Third, the audit trail records what the agent attempted and whether governance allowed or denied it — it does not verify whether the action actually succeeded in the external system. A permitted API call that fails silently in the external service will appear as an allowed action in the audit log.
These are not criticisms of the toolkit — they are honest boundaries that Microsoft documents publicly. They are also the reason that the AGT, for all its coverage, is not sufficient on its own. It is a powerful technical enforcement layer. It is not a substitute for governance judgment.
The Role of Human Judgment
The AGT automates what can be automated: policy enforcement, identity verification, compliance grading, chaos testing, and audit logging.

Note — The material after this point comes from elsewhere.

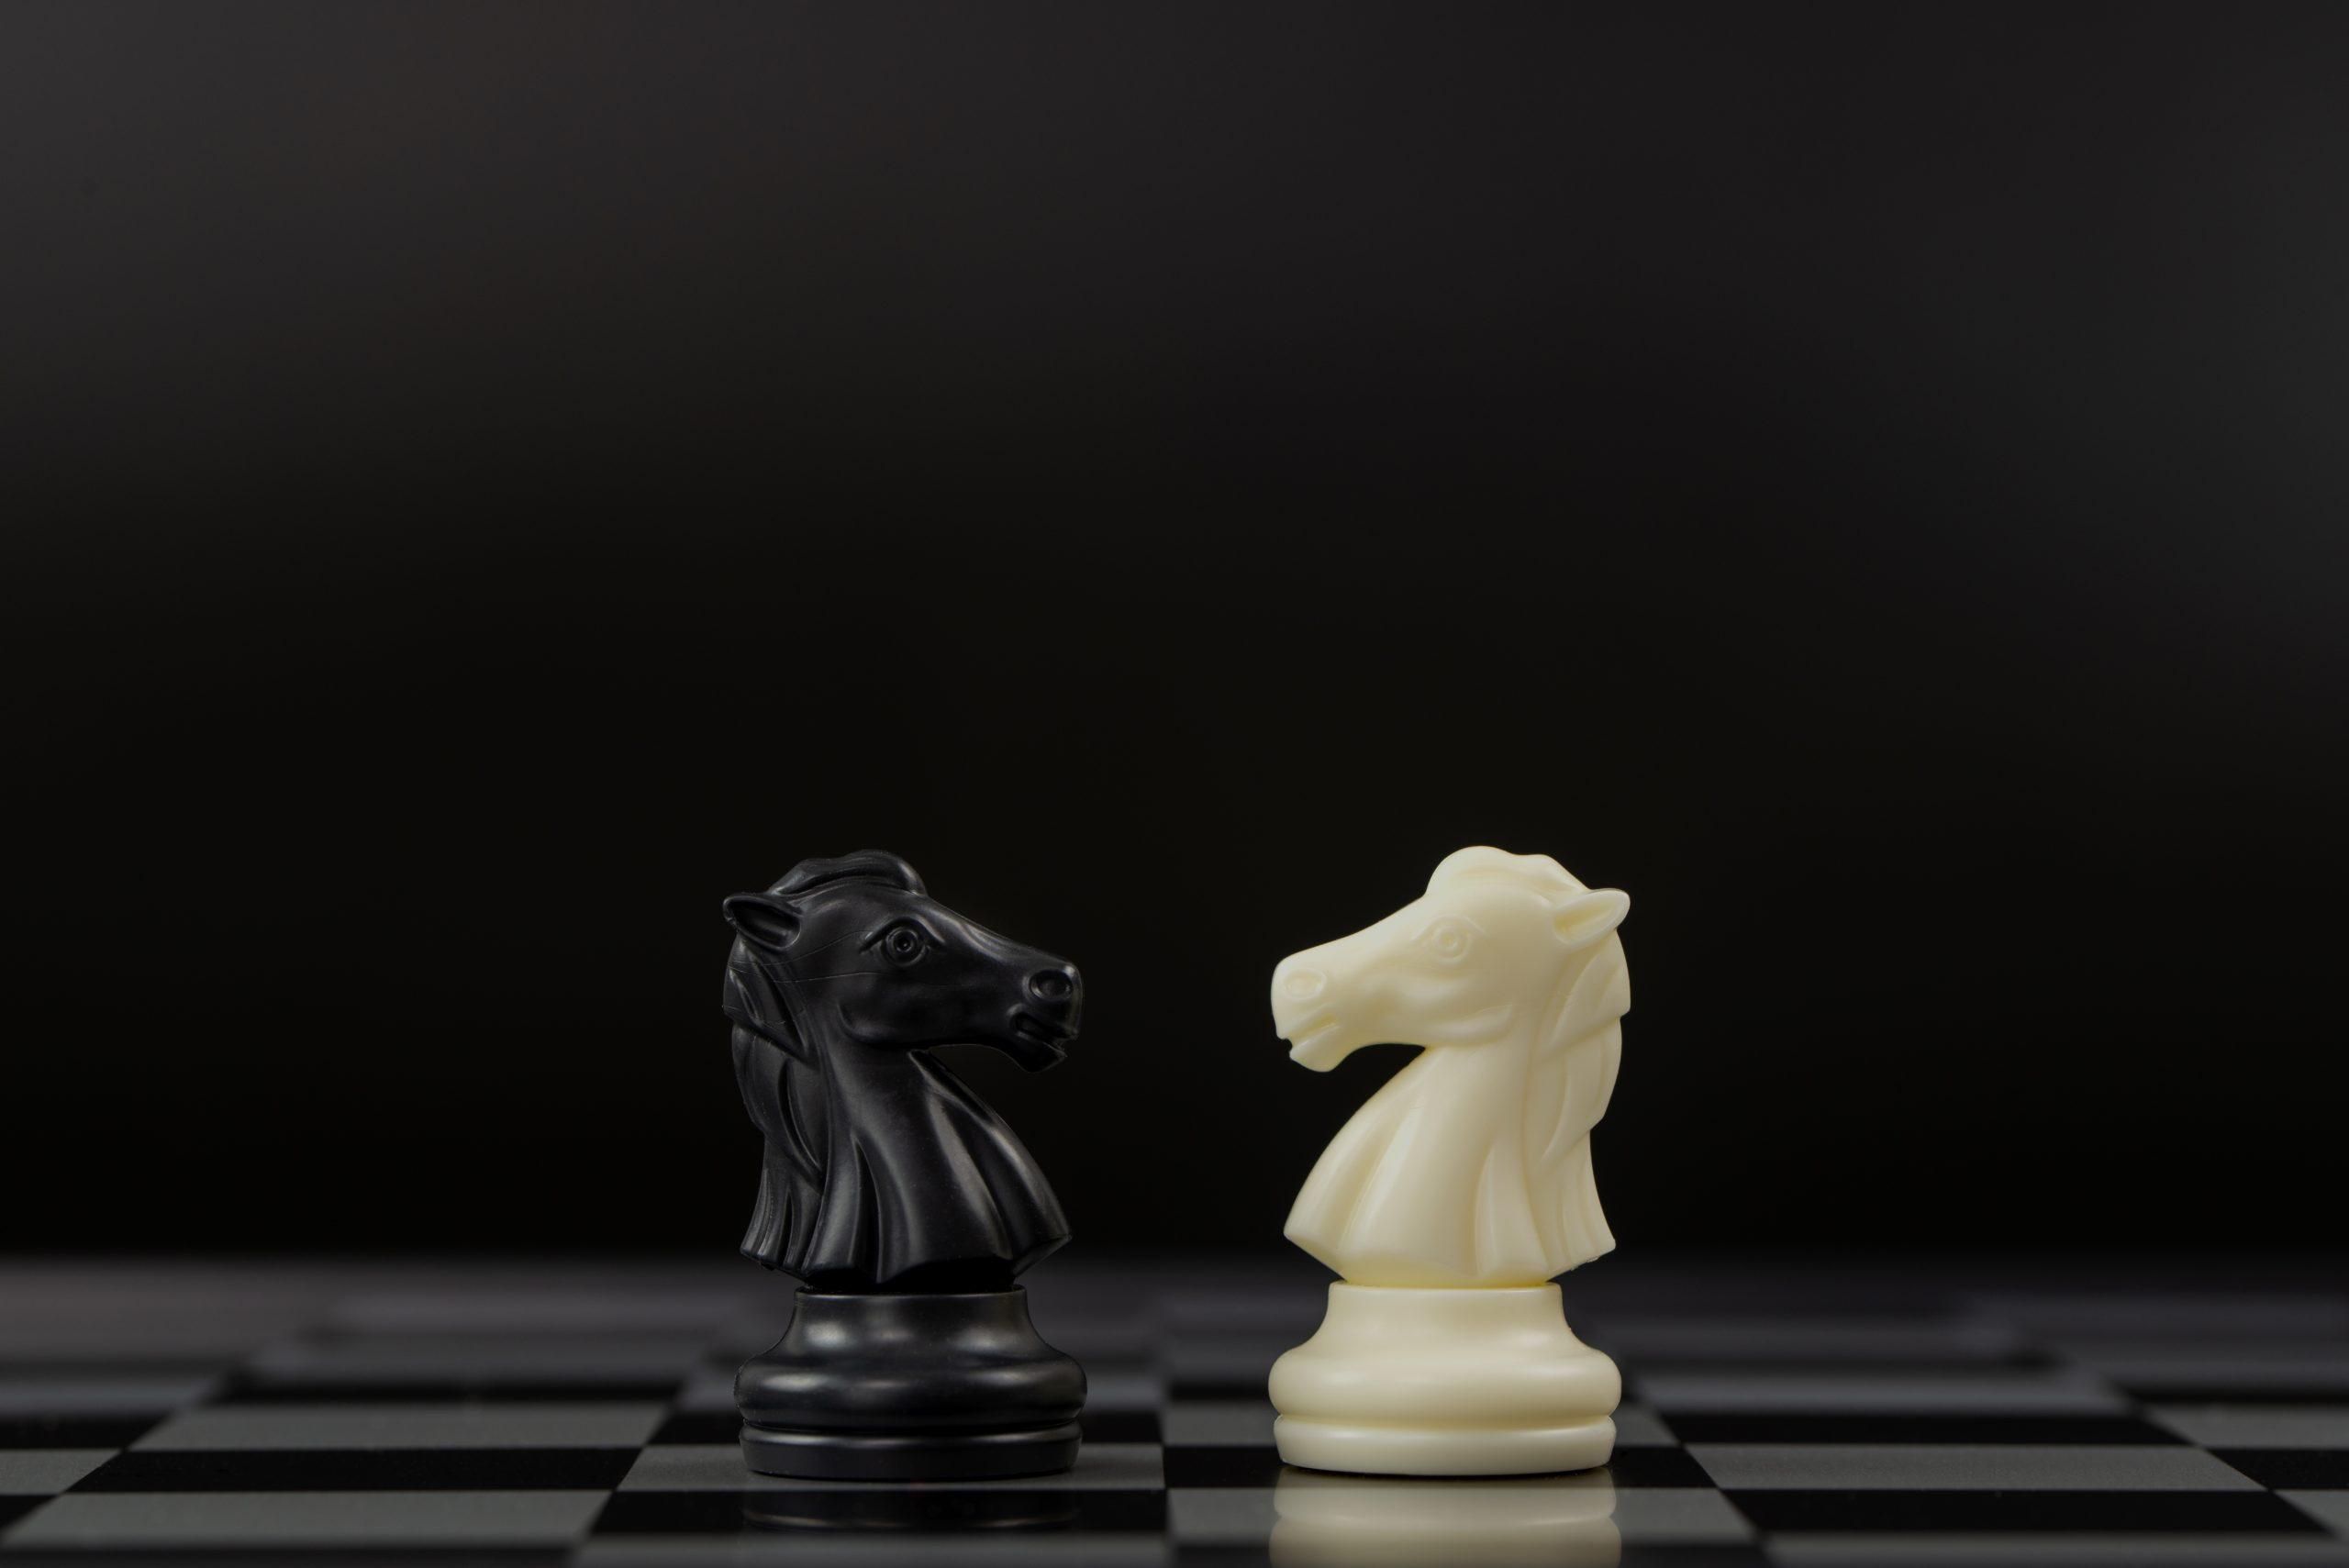 Dropshipping vs Amazon FBA: A Fulfillment Battle

What it cannot automate is the governance decision — the considered, documented, human judgment that a system is appropriate to deploy, that the risks are understood and accepted, and that the right stakeholders have signed off.
That judgment is what release readiness formalises. A mature release readiness gate uses the AGT to generate the evidence base — policy verification outputs, identity configuration reviews, chaos test results, compliance grades, observability confirmations — and then brings a governance stakeholder into explicit sign-off.
Tools enforce policy. People make the go/no-go call. Both are necessary. Neither replaces the other.
The Practical Takeaway
Microsoft built nine packages to address the governance gap in agentic AI production deployments — and unlike most governance tooling, it covers the full lifecycle from pre-deployment checks through runtime enforcement to decommissioning. That is a significant step forward for the field.
If your organisation is deploying agentic AI, the AGT is worth evaluating seriously. And if your governance program doesn't yet have a structured release readiness gate, the architecture of this toolkit is a useful map of what one should cover — and what human judgment still needs to sit alongside it.